The top genes suggested a trend of being involved in the apoptotic processes (CAMK1D, METTL15, and MAP2K4). Enrichment analyses based on GO terms also detect such inclinations (R-HAS-140432: apoptosis induced DNA fragmentation, supplementary materials), and further suggested certain roles in neurogenesis and glia cell development. Moreover, p-PRS results also emphasized that the genetic loadings of dendrite development are associated with the AA cluster in different ways between ADHD and TD groups, which were also implied by the top contributed gene CAMK1D (Table 1). Briefly, our results suggested that possibly both apoptotic and dendrite-related processes impact the white matter in the right CP and PLIC in ADHD specific ways.

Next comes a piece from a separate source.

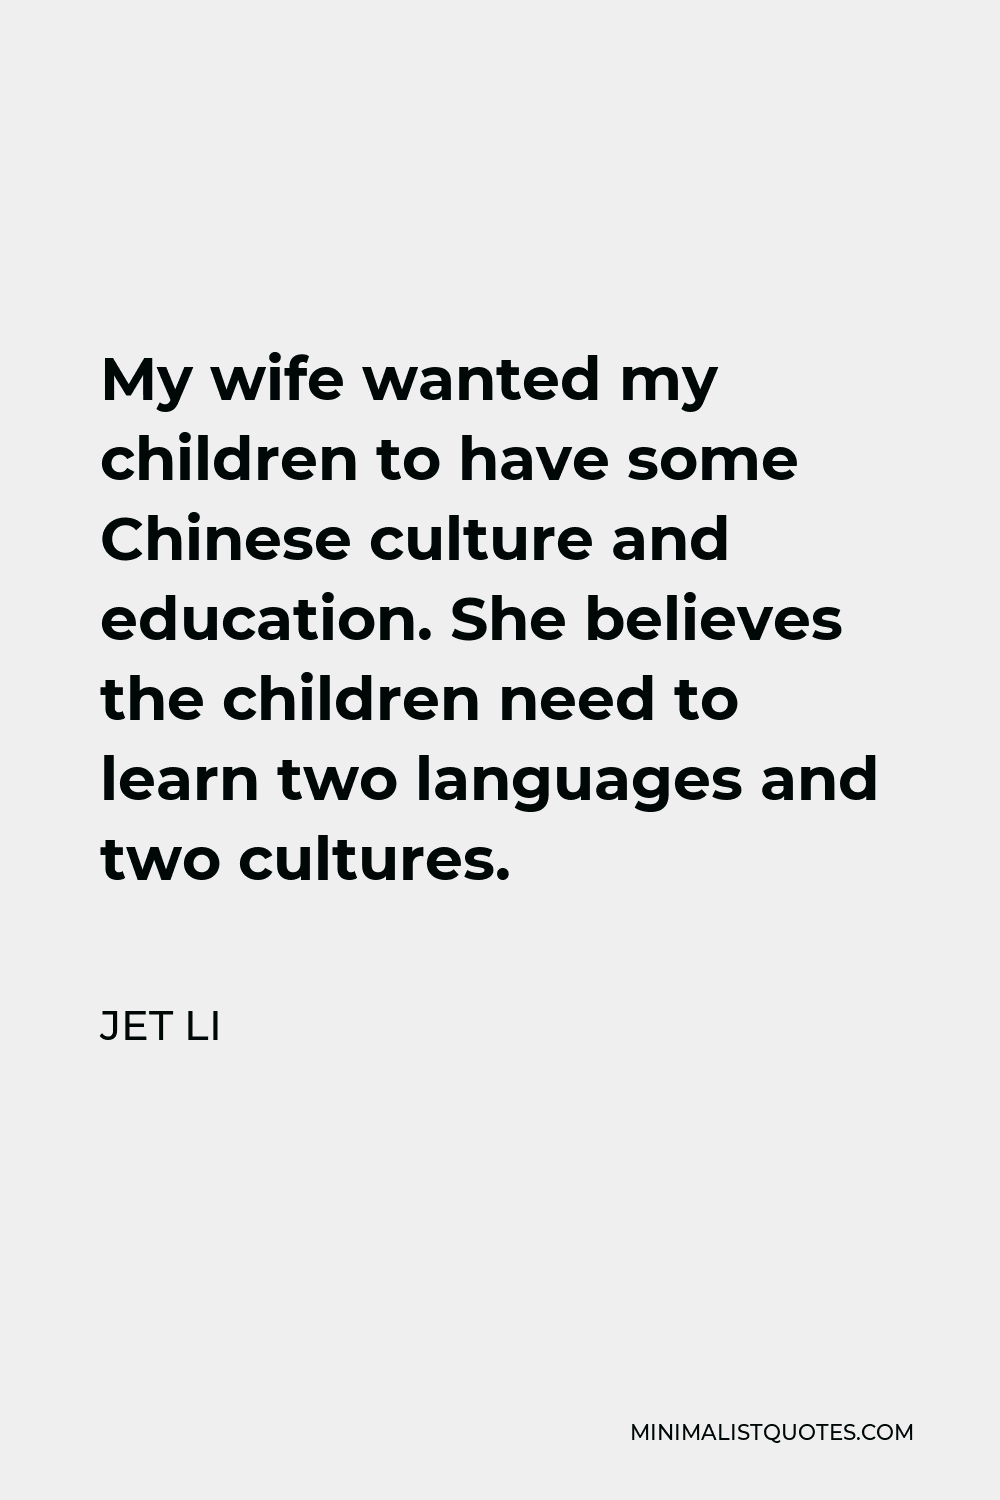 Jet Li Quote - My wife wanted my children to have some Chinese culture and education. She believes the children need to learn two languages and two cultures.

On the other hand, we identified patterns shared between individuals with and without ADHD using the SA-DCCA model. Unsurprisingly, wide-range WM tracts were identified as contributors. We identified six clusters bilaterally located. Four clusters locating in the left hemisphere were involved in the left CP, extended to the left PLIC. Other two clusters locating within the right cerebellum, within the right SLF, and the right PTR to the right SS, respectively. Tractography suggested that the clusters connected wide-range grey matter areas, including the five lobes and the bilateral cerebellum. Genetic analyses highlighted genes involved in more basic neurodevelopmental processes and synaptic function. For instance, the gene FYN, which is responsible for several important neural system developmental processes and the synaptic plasticity [64, 65]. Three zinc-finger protein family members, including the PHF2, ZSCAN31, and CD82 were also suggested. Zinc-finger proteins served as the DNA-binding transcriptional factors, regulate the development of neural system [66]. Based on previous evidence, PHF2 and ZSCAN31 both regulate the prenatal development [67, 68], including the proliferation of progenitors; CD82 is involved in the oligodendrocyte precursor differentiation [69, 70]. Enrichment analyses suggested the involvement of exocytosis, which is a synaptic process which regulate impulse conduction. P-PRS further suggested the regulation of genetic loadings in synapse-related pathways to the SA WM regions. Distinct from AA regions, no interaction effects were found here. To summarize, the interpretations of SA-DCCA model presented a shared pattern among individuals with and without ADHD, specifically, interactions between widespread WM tracts, involved in both projection and association tracts, and genes associated with more general and basic neurodevelopmental processes, including the prenatal brain development and synaptic plasticity.

Conclusion

The current study introduced a set of adversarial DCCA models, which identified ADHD-specific and non-specific gene-brain non-linear multivariate association patterns. Correlations between the right CP, PLIC and the genes responsible for apoptotic and dendrite development process were found to be different in ADHD and TD individuals; the interactions between widespread WM regions, involving bilateral projection and association tracts, and the genes involved in early neural development shared between two diagnostic groups. To conclude, the current results unveiled the etiological pathways of white matter development in ADHD and identified ADHD-specific genetic-brain associations.